Although the ban is not total (unfortunately in my mind) and targets specifically those bags whose images are adjudged to be negative or lewd, it at least sends a strong message about what is to be tolerated.  

The fact that principals, as opposed to parents, had to be the grouping which stood up to take a stance on the matter suggests that something is going fundamentally wrong in our households.

It is both sad and disgusting to think that parents would allow their children to buy and wear bags with guns and inappropriate images of women and whatever else. It seems that we have become so desensitised to violence and smut that we fail to recognise it when it comes home to our doorsteps.

Many would perhaps be asking, what is the hullabaloo about bags that people wear on their backs. What is the harm?

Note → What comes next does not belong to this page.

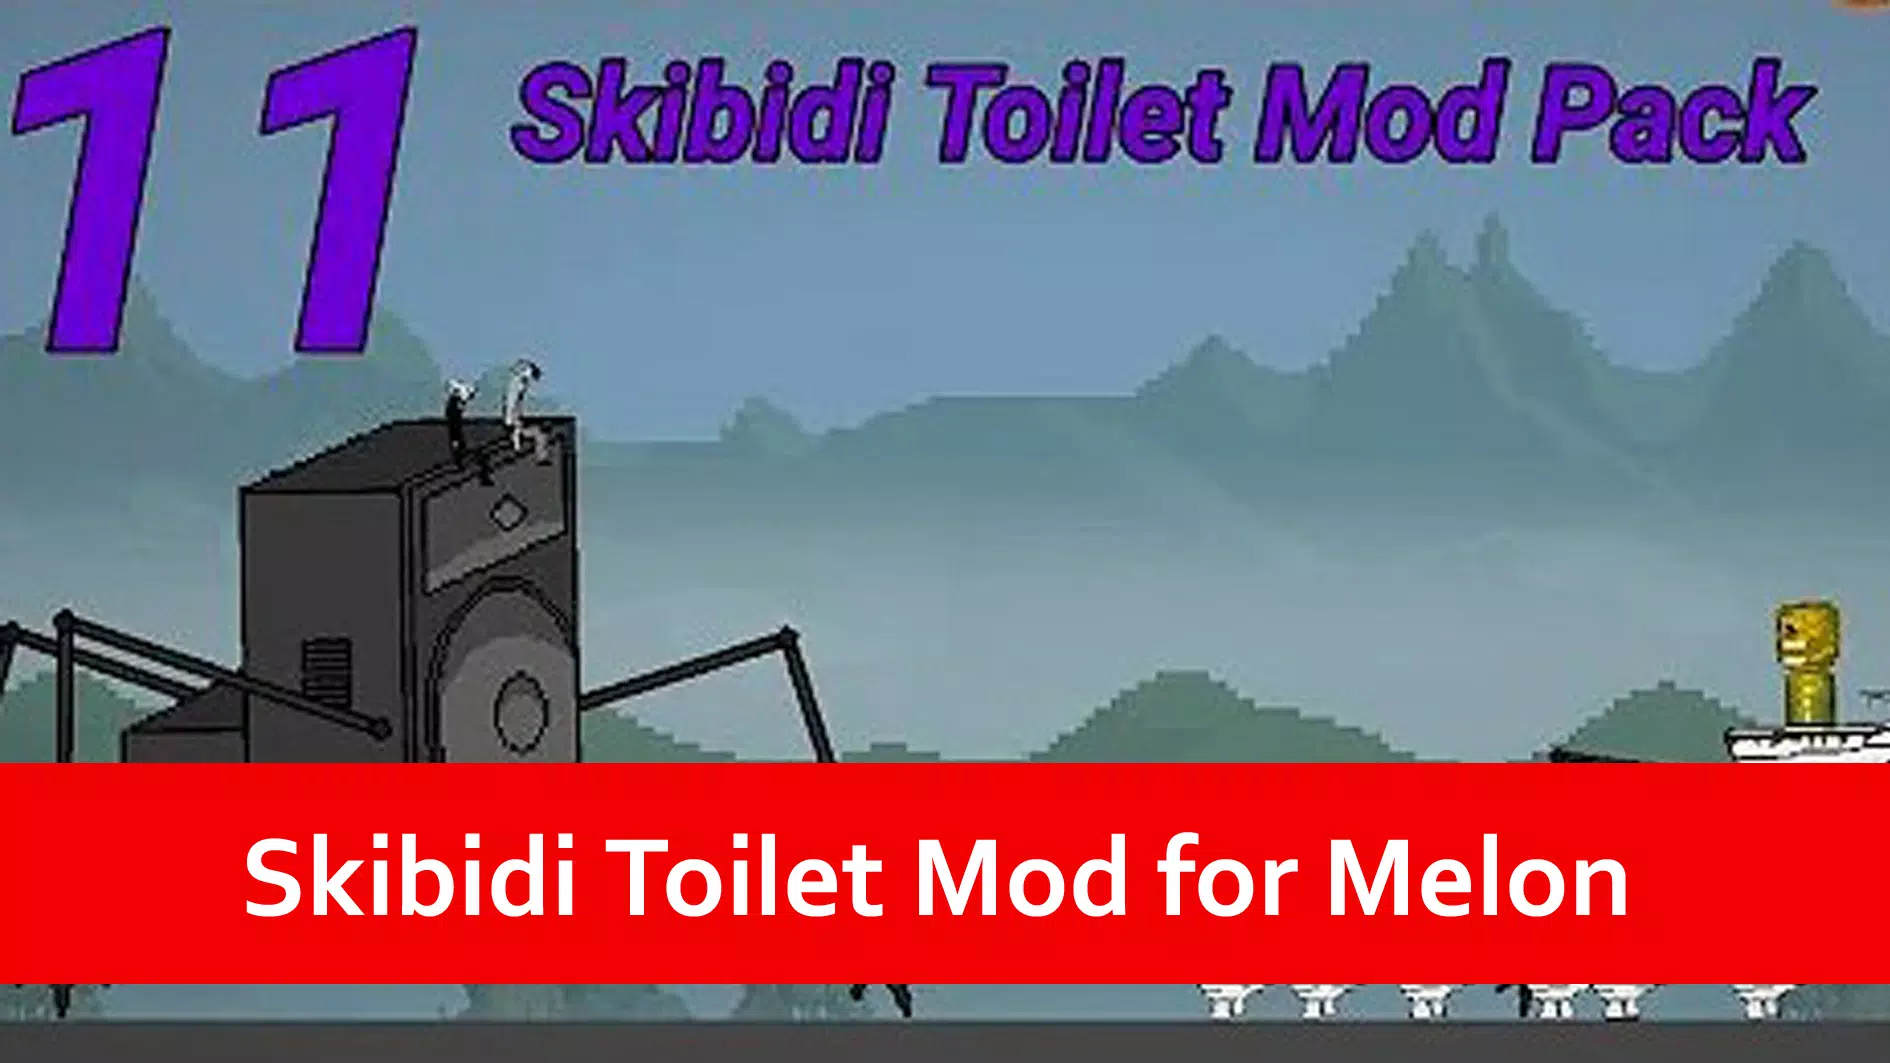 Toilet for Melon Playground on the App Store

Some of the images on the Sprayground bags which are the latest fad in Barbados are just demonic. Yes, I use the word demonic with absolutely no apologies to anyone.

What sort of mind comes up with the images that are on those bags? What is the intent? Even where the images are not lewd, many of them are just ugly and disturbing.   

I do not have the space in this article to go into a big discussion about the meanings behind symbols and how people embed messages. If you understand advertising there is a level of psychological manipulation that goes on in the background in order to encourage us to buy certain products. There are specific images and words that are used to conjure up feelings and emotions. What sort of emotions do we think will be conjured up by our children looking at and carrying around those images all day.

In health terms, we would normally hear we are what we eat. We have also been debating for years the impact of negative images on the television as well as North American music on our young people. The net impact is we are what we hear and see or have the potential to be impacted by what we hear and see. It’s the same thing with clothes and accessories. When we put them on we feel a particular way about ourselves.

So imagine this, a night of violent video games, the Sprayground bag with the image of a naked women holding a gun and a spliff, top that off with a ZR ride to school and what sort of child do we have walking through the school gates?

Somehow with all that, we expect peace to reign in our schools. Those things are not reconcilable.

Our schools are becoming minefields for our children to navigate. I have been told that children are being instructed to walk around with their schoolbags on their back all day if they don’t want them stolen, to walk in groups and not to walk alone. Students are also being forced to become aggressive as well because if you are too soft or nice then you will be taken advantage of. All of these things go together. We are raising and encouraging a group of angry and volatile children.  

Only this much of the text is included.